Where can we find more information out about the particulars of each of these cases?

We have been advised that our case has been paused by the FSPO because we are impacted by this action.

I presume that if the Ombudsman upheld a complaint against Ulster Bank and if the High Court rejects Ulster Bank's appeal, the Ombudsman will also uphold our complaint which is similar.

Interesting times ahead. 



Many thanks


----------



## Brendan Burgess (23 Aug 2021)

Hi JM

I have not got to the bottom of the availability of papers in a High Court case. I understand that they are a matter of public record, but they are not published.  You can follow the case number and see when the next listing in the court is. In ordinary times, you could attend the court and you might learn something.
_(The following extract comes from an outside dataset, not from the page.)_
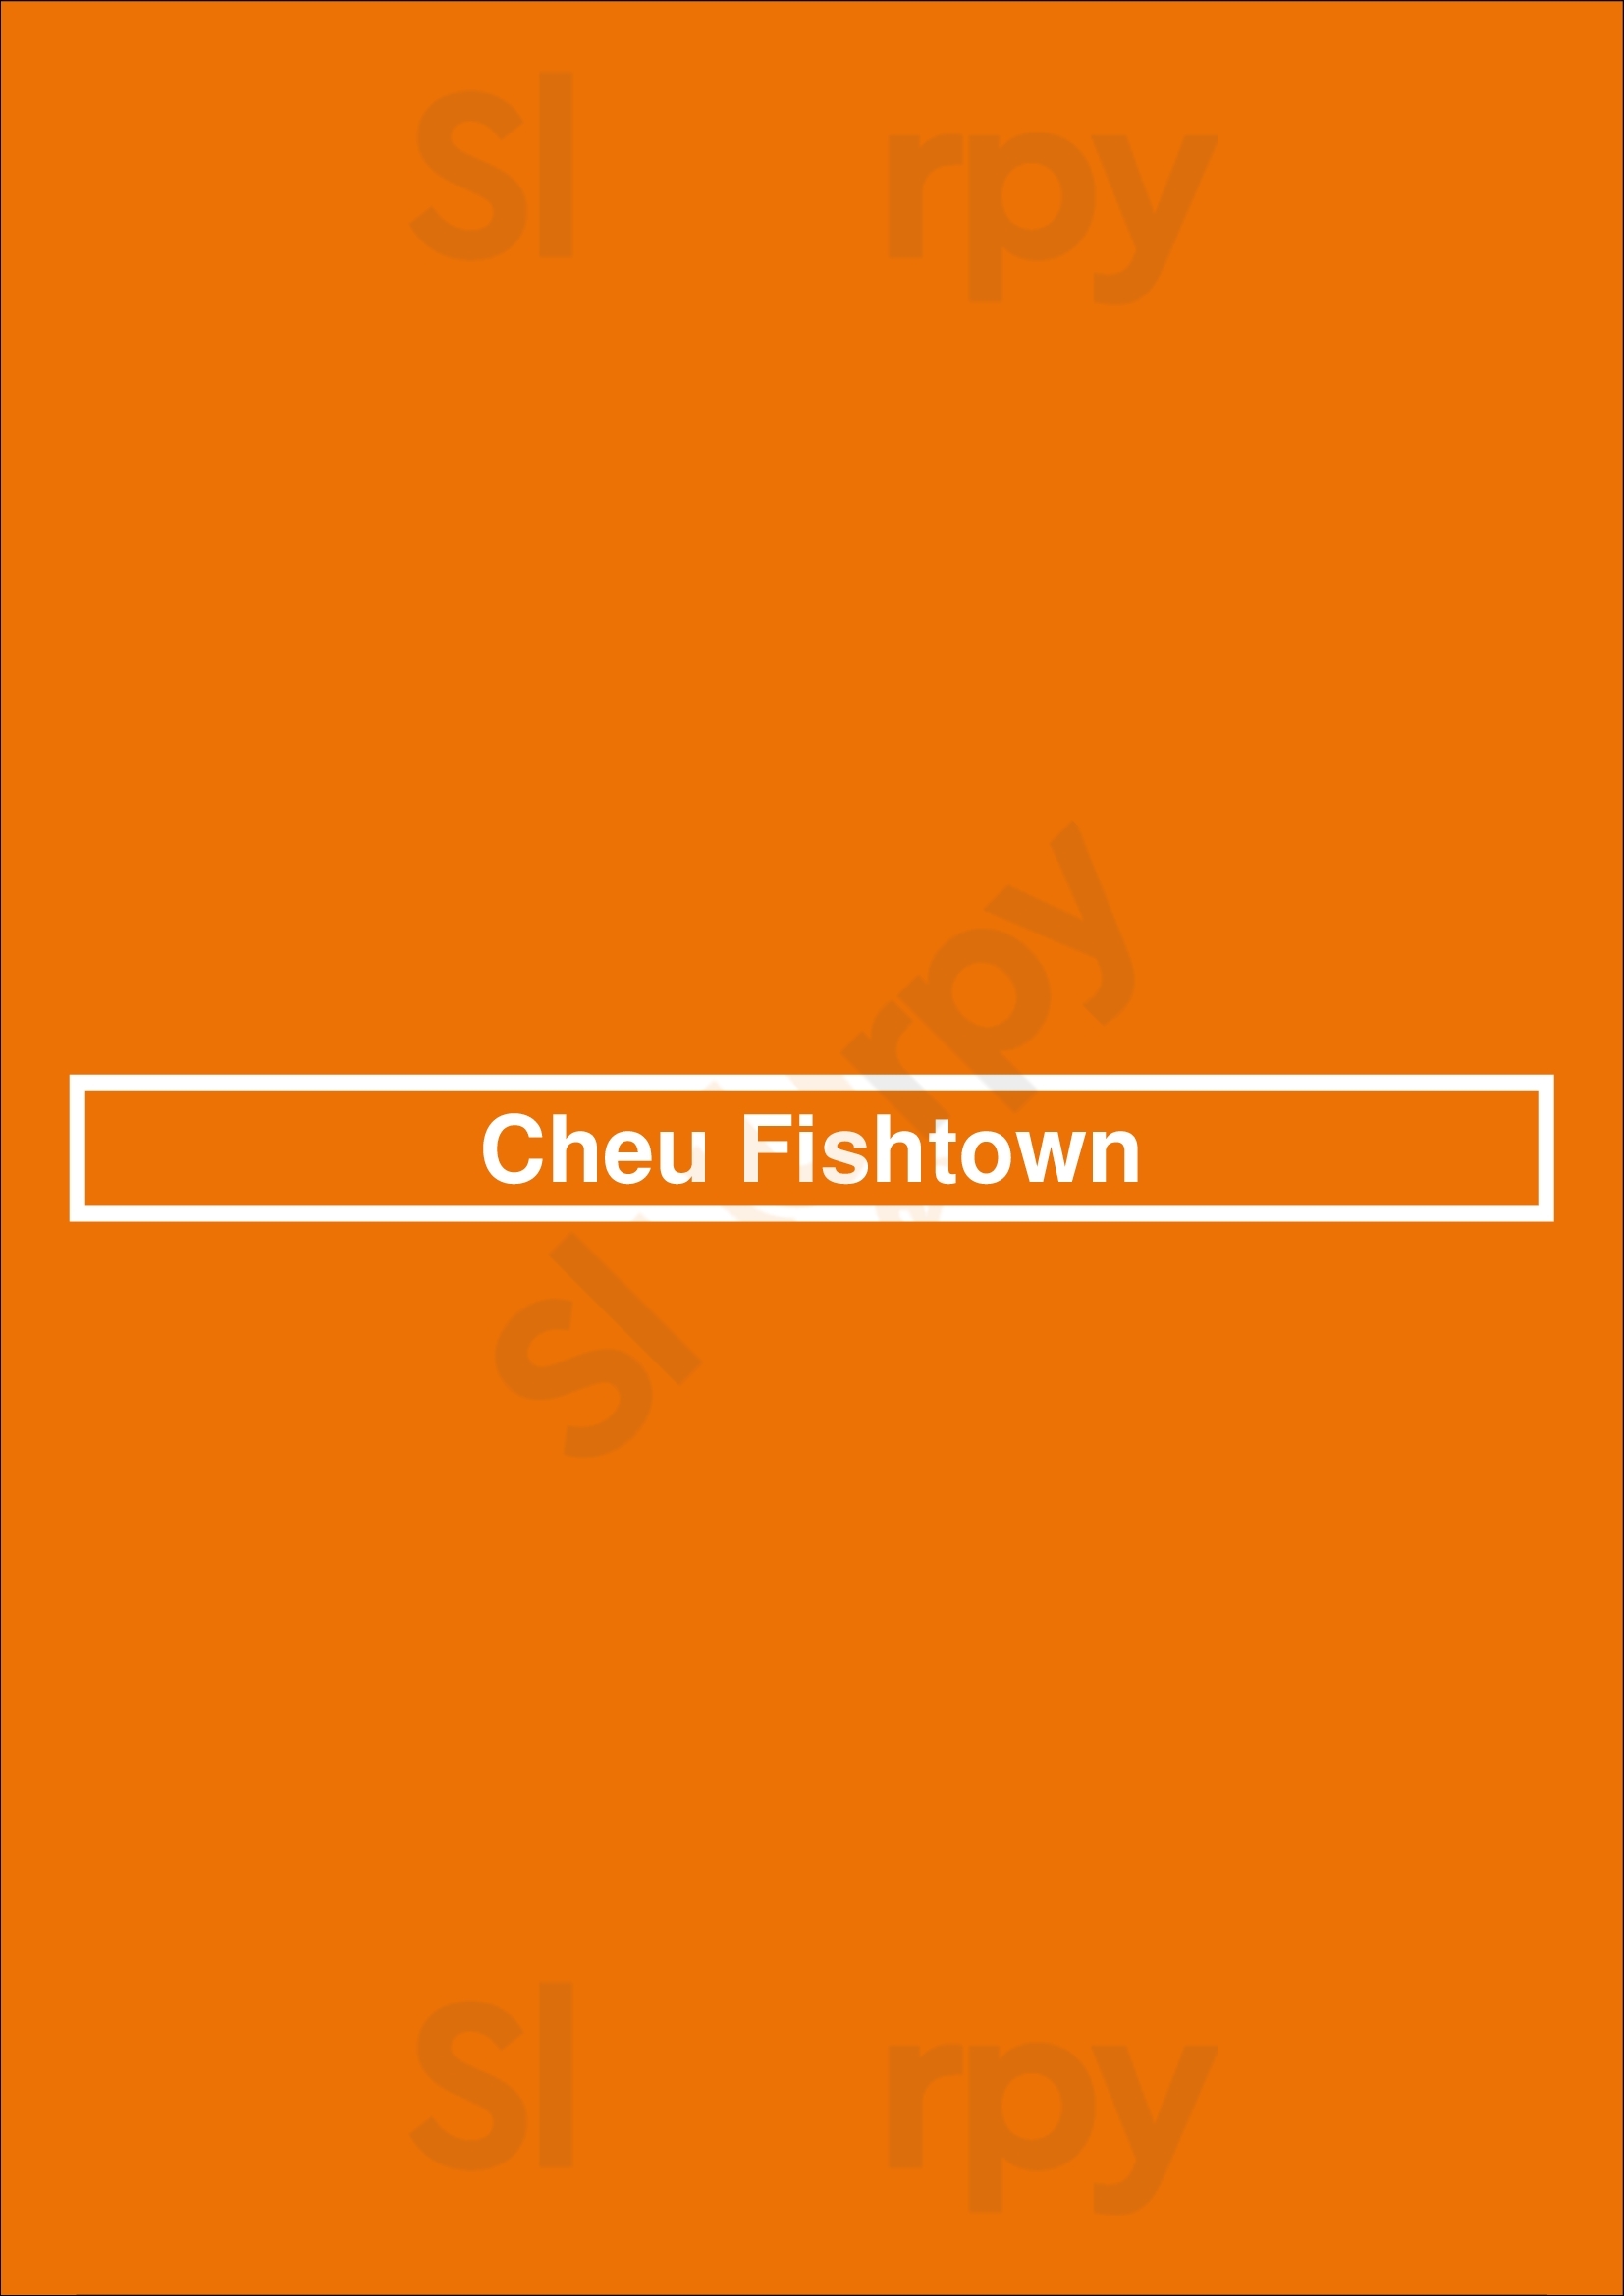 Cheu Fishtown Philadelphia Menu - 1
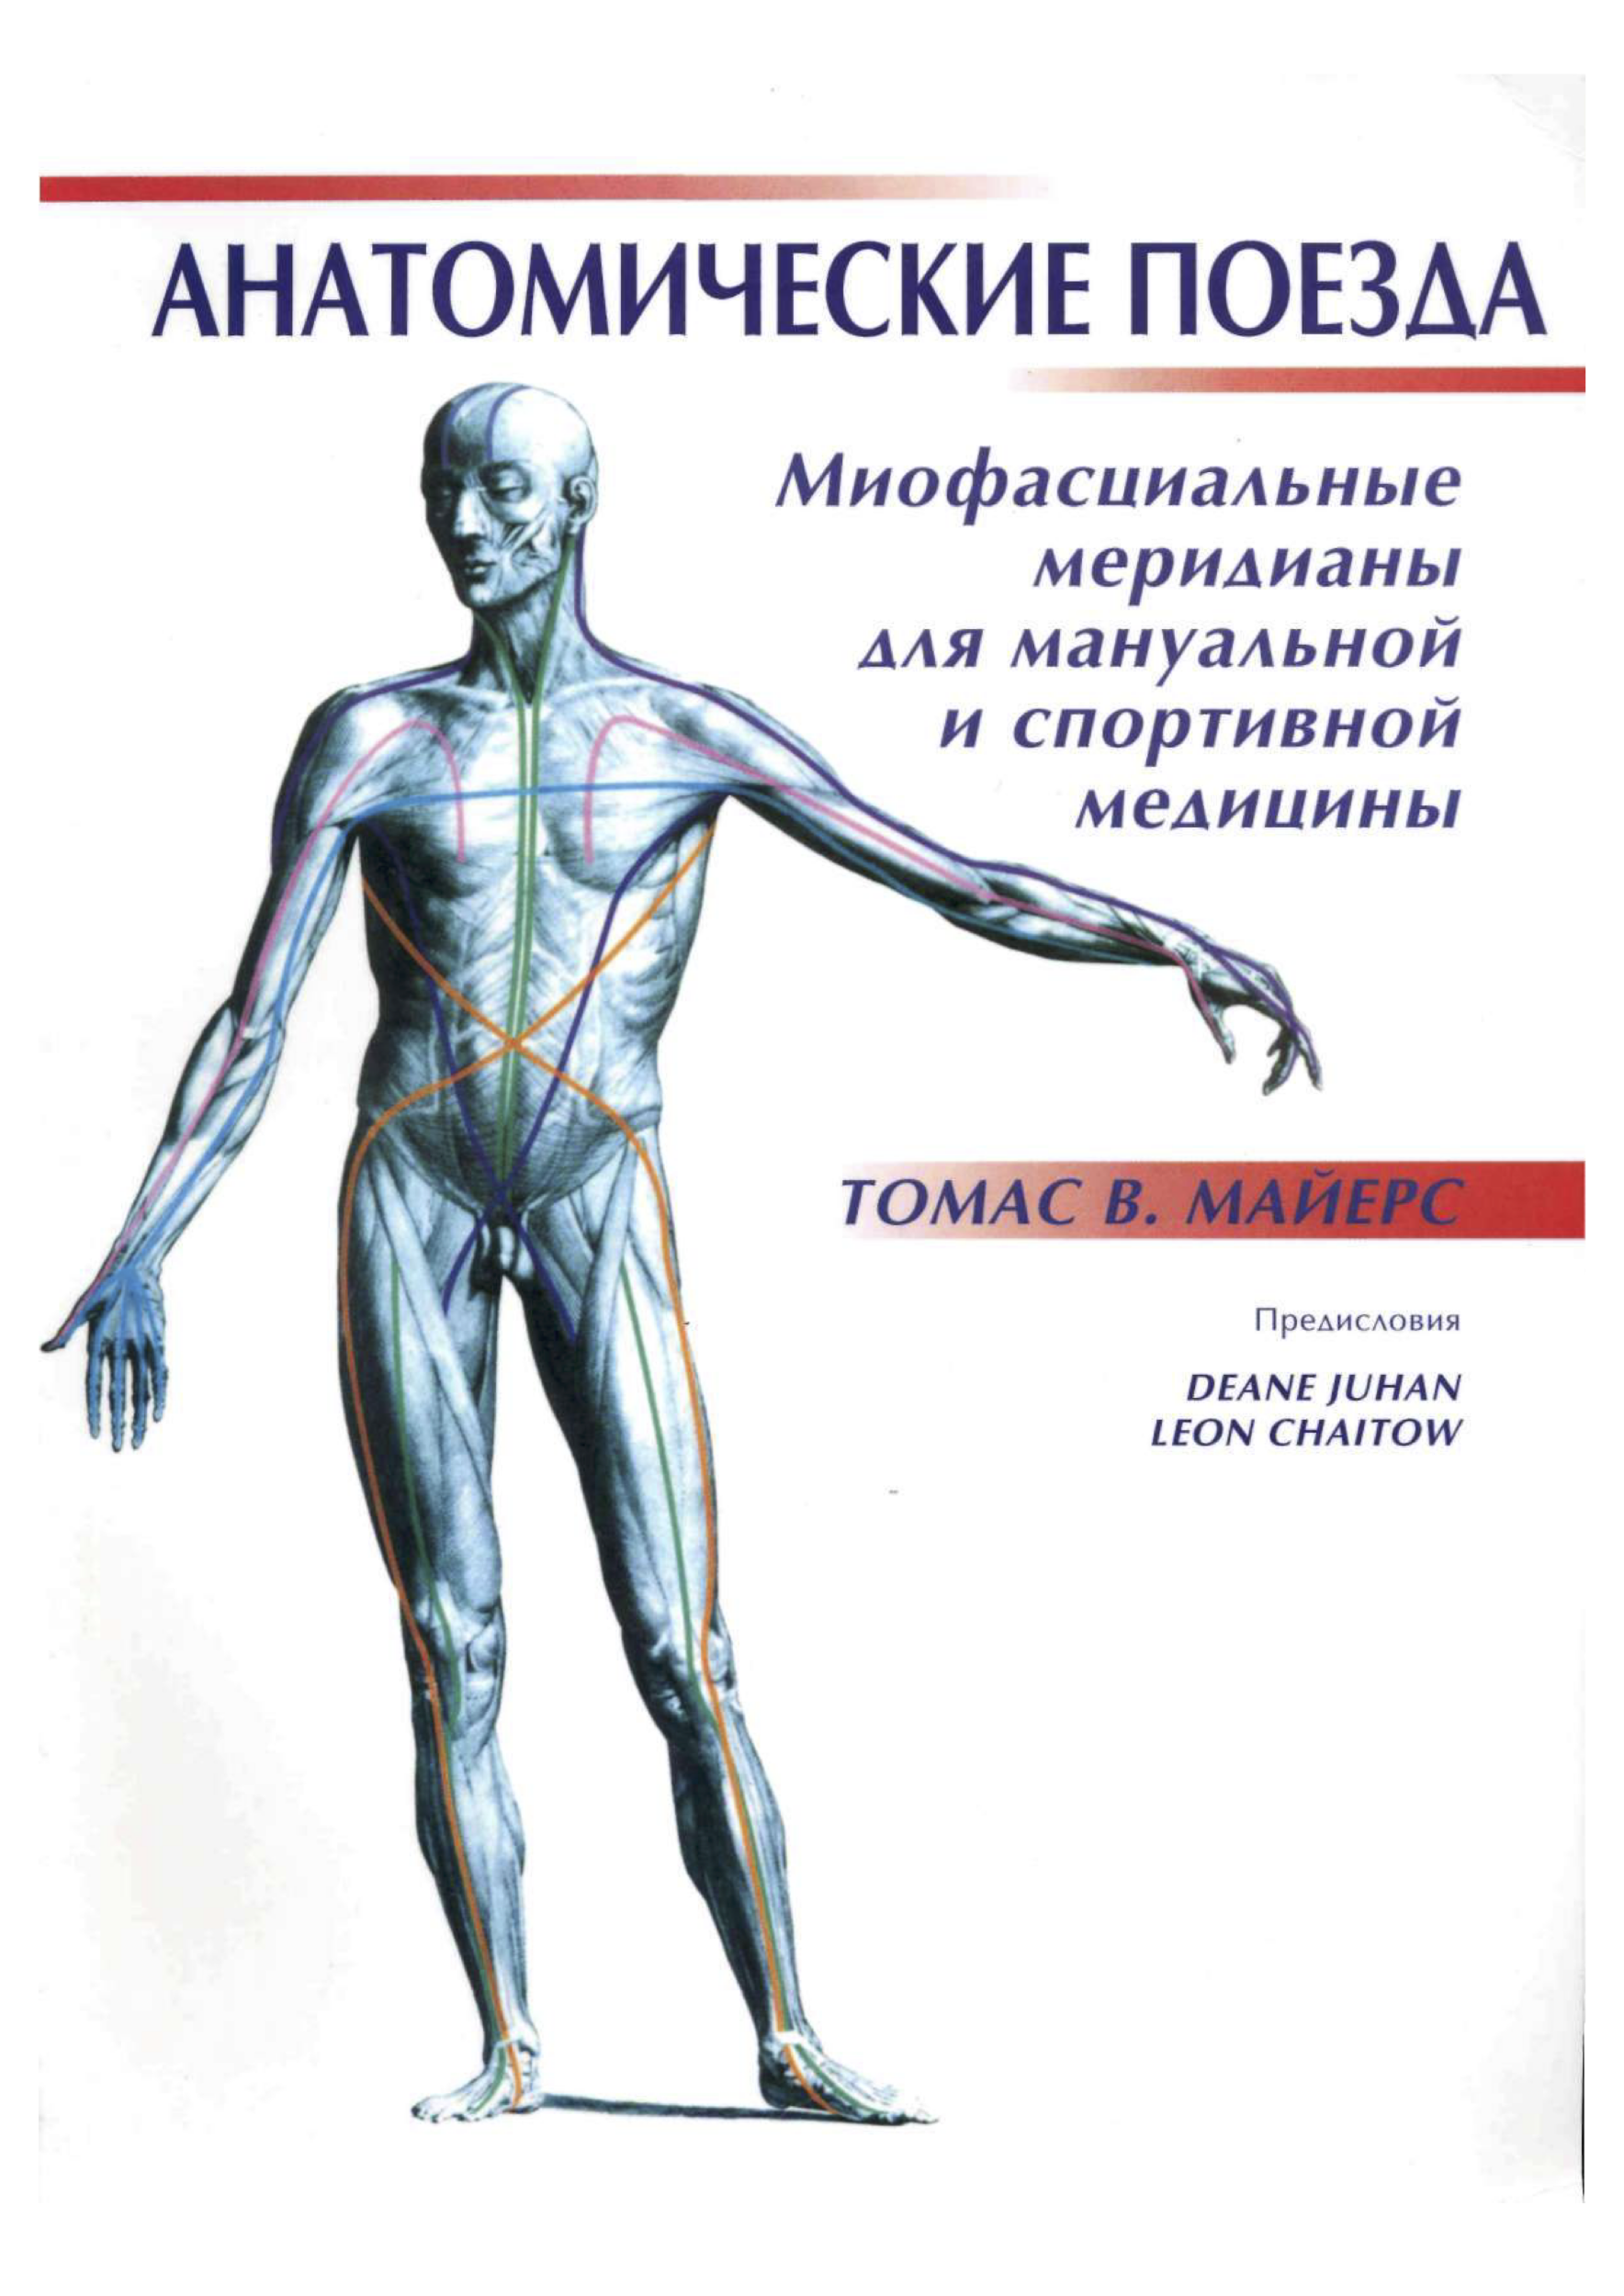 Анатомические поезда. Томас В. Майерс (2007). Автор — Томас Маєрс.

But most of the listings are just procedural and you will hang around the court for ages and nothing will happen. 

The Ombudsman judges every case on its merit but, at the same time, they like to be consistent. 

*If the High Court rejects Ulster Bank's appeal *

What matters here is the attitude of the Central Bank.  As there are many people affected by the same issue, the Central  Bank will probably tell Ulster Bank to apply it to all affected customers, whether they have complained or not.

So, the Ombudsman, will probably leave your case on hold and wait until Ulster Bank resolves these issues.

*If the High Court upholds Ulster Bank's appeal *
The Ombudsman will have to reconsider the case bearing in mind the guidance provided by the High Court which means that he will reject all similar appeals.


----------



## Brendan Burgess (23 Aug 2021)

To find out what is actually happening in a case


1) http://highcourtsearch.courts.ie/hcslive/cslogin
2) Click on I accept
3) Enter the year 2021
4) Enter the Case no. 137
5) Under Proceedings select MCA

This will bring you to





6) Click on View
7) Click on Listing  and you will see



8) So it's down for mention on 11th October next

So nothing will happen.  The judge will ask Ulster Bank and the Ombudsman if they are ready to proceed.   If the case is ready, then they will be allocated a day and time at some stage in the long distant future.

Brendan


----------



## JMexubbanker (23 Aug 2021)

Brendan Burgess said:


> Hi JM
> 
> I have not got to the bottom of the availability of papers in a High Court case. I understand that they are a matter of public record, but they are not published.  You can follow the case number and see when the next listing in the court is. In ordinary times, you could attend the court and you might learn something. But most of the listings are just procedural and you will hang around the court for ages and nothing will happen.
> 
> ...


That's really very helpful. Thank you very much indeed


----------